Etiquette in Japan: How to eat sushi like the Japanese

In Japan, sushi is everywhere – in railway stations, on conveyor belts, in supermarkets and even vending machines. But great sushi happens only in the hands of a great sushi chef (known as an itamae), with just seconds passing between him forming it by hand, and you eating it by hand. It's this direct connection that turns the simple creation of vinegared rice and raw fish into theatre, art and religion rolled into one.

The thing is, if you go and put ginger on top of your sushi and wash it down with Coke, you won't burn in hell. Nobody will even tut-tut. Yet how much nicer it is for you, and your itamae, if you show respect for the codified ritual that has grown around sushi since the eighth century.

You order sushi from him (it is usually a him), and let him recommend the fish and the order in which it is served – probably white fish first, then oilier fish like tuna and salmon, ending with richer luxuries such as ikura (salmon roe) and uni (sea urchin). Any soup, drink or non-sushi orders go to the wait staff.

The ultimate sushi is nigiri, hand-shaped fingers of vinegared rice (known as shari) and topping (known as neta). There are those who say it must be eaten in the hands, and others who say it must be eaten with chopsticks. Find your own path. Just don't dip the rice side into your soy, or it will fall apart, and be sure to eat it in one bite. In this way, you respect the craft of your itamae, and preserve the integrity of his creation. And save your shirt from soy-stained rice droppings.

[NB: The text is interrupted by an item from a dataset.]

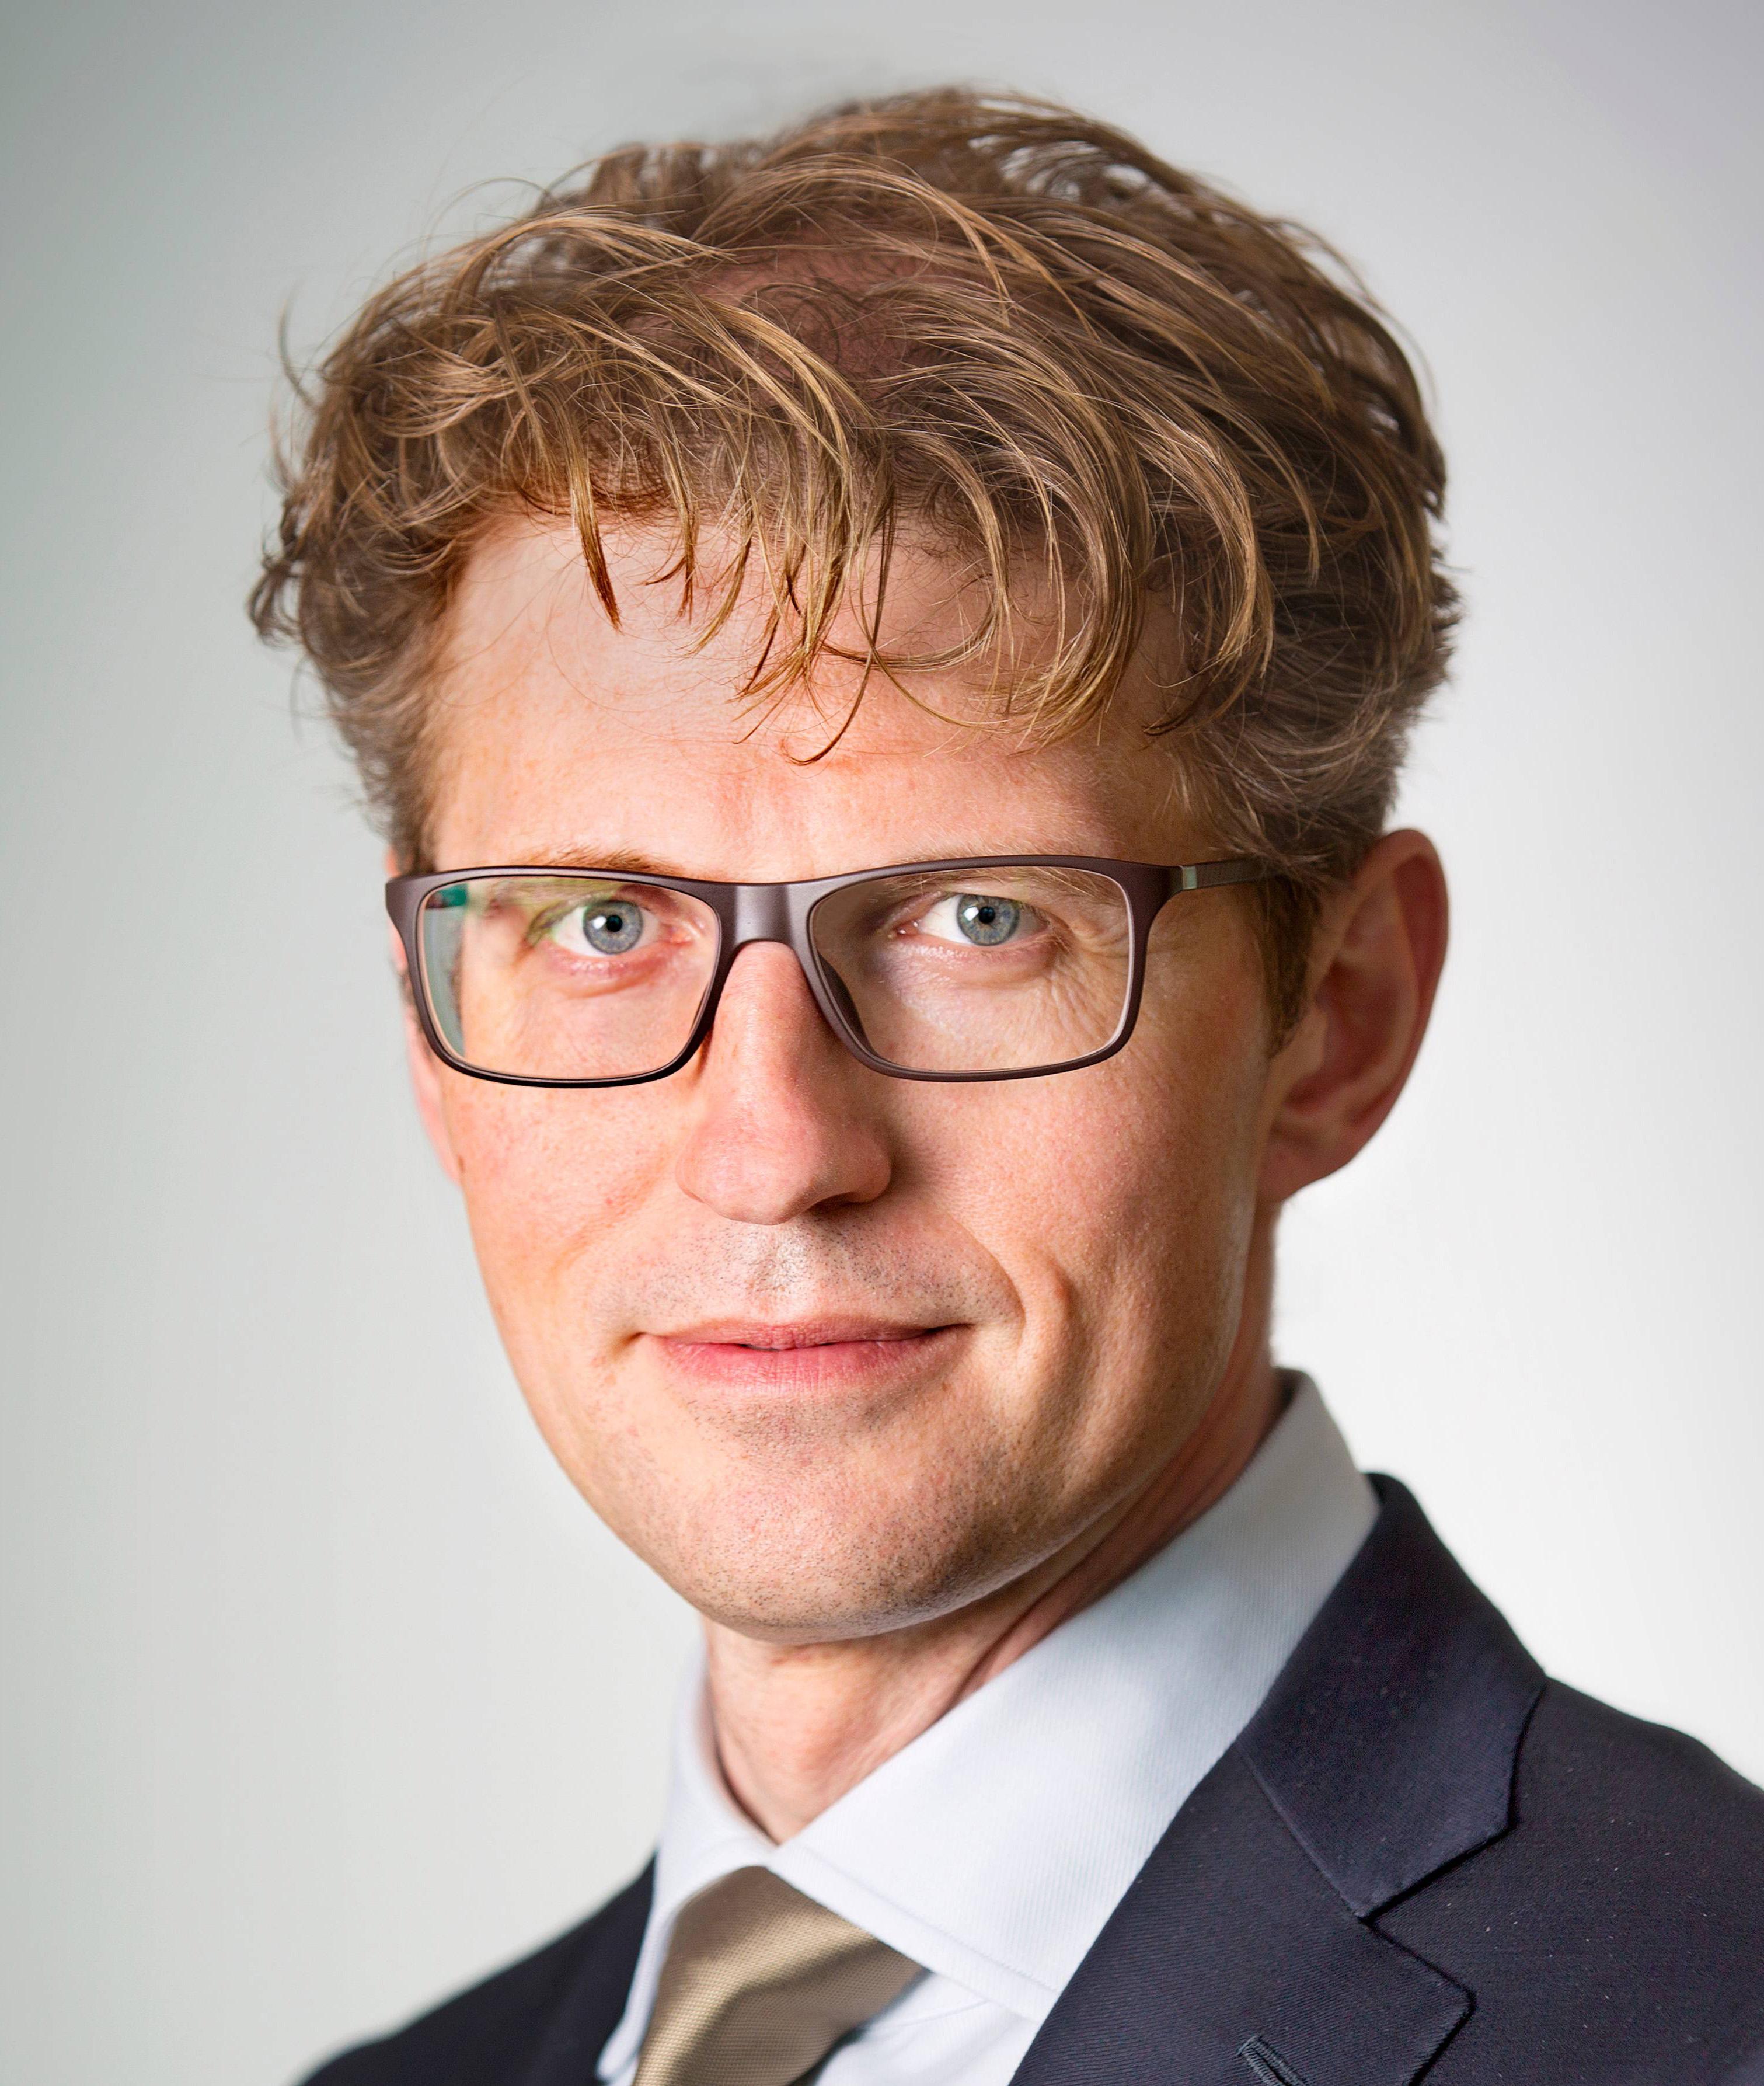 newest ce569 f2aa8 Sander Dekker - Wikipedia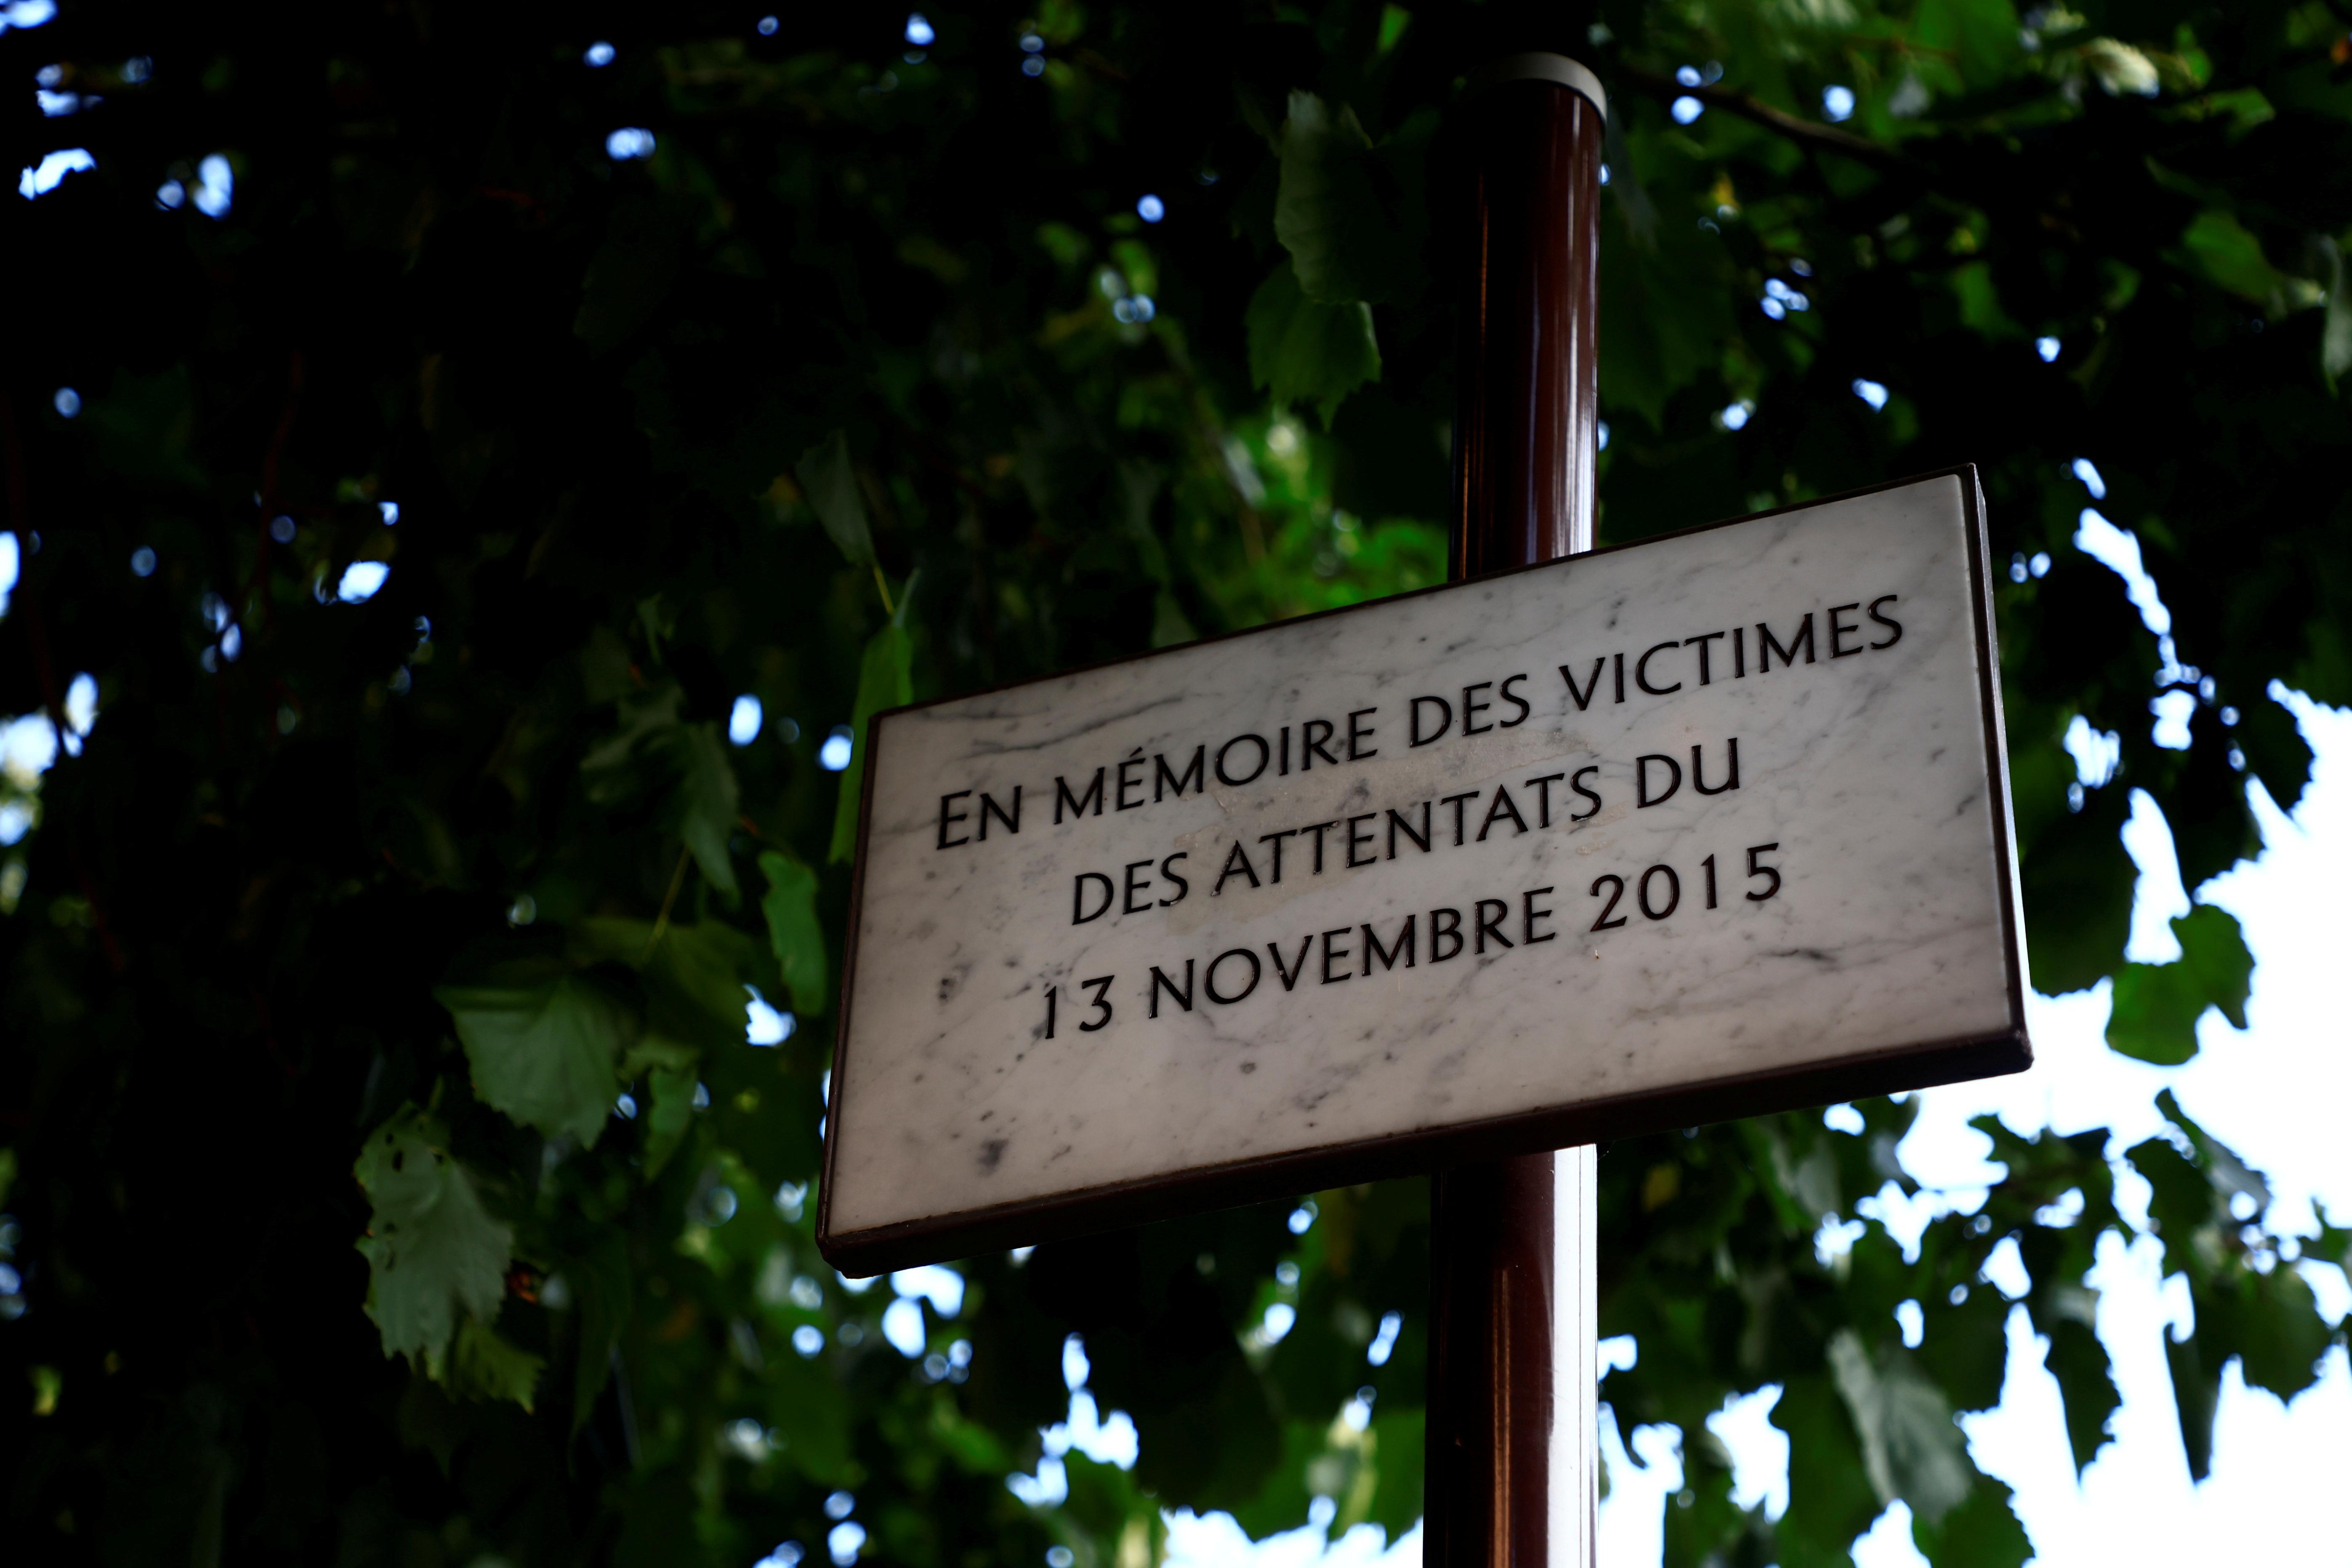 En minnetavle for ofrene for Paris 'angrep i november 2015 i Paris ses i nærheten av baren og restauranten som tidligere het Comptoir Voltaire i Paris, Frankrike, 1. september 2021. Tjue tiltalte vil stå for retten mot Paris' angrep fra november 2015 fra 8. september 2021 til 25. mai 2022 i Paris tinghus på Ile de la Cite, med nesten 1,800 sivile parter, mer enn 300 advokater, hundrevis av journalister og store sikkerhetsutfordringer. Bilde tatt 1. september 2021. REUTERS/Sarah Meyssonnier/File Photo

If you are offered an oshibori (hot towel), use it, then neatly fold the towel into its original shape. And don't mix the wasabi – that deliciously hot green paste that makes you feel like you are breathing fire through your nostrils like a dragon - into your soy sauce. The ginger (gari) doesn't go on top of the sushi, but is meant to refresh the palate between bites. The accompanying miso soup should be sipped straight from the bowl, held in two hands, and sake should always be poured by you for your companions, and poured by your companions for you. Unless, of course, you're dining on your own, in which case you are your own companion, so just keep pouring.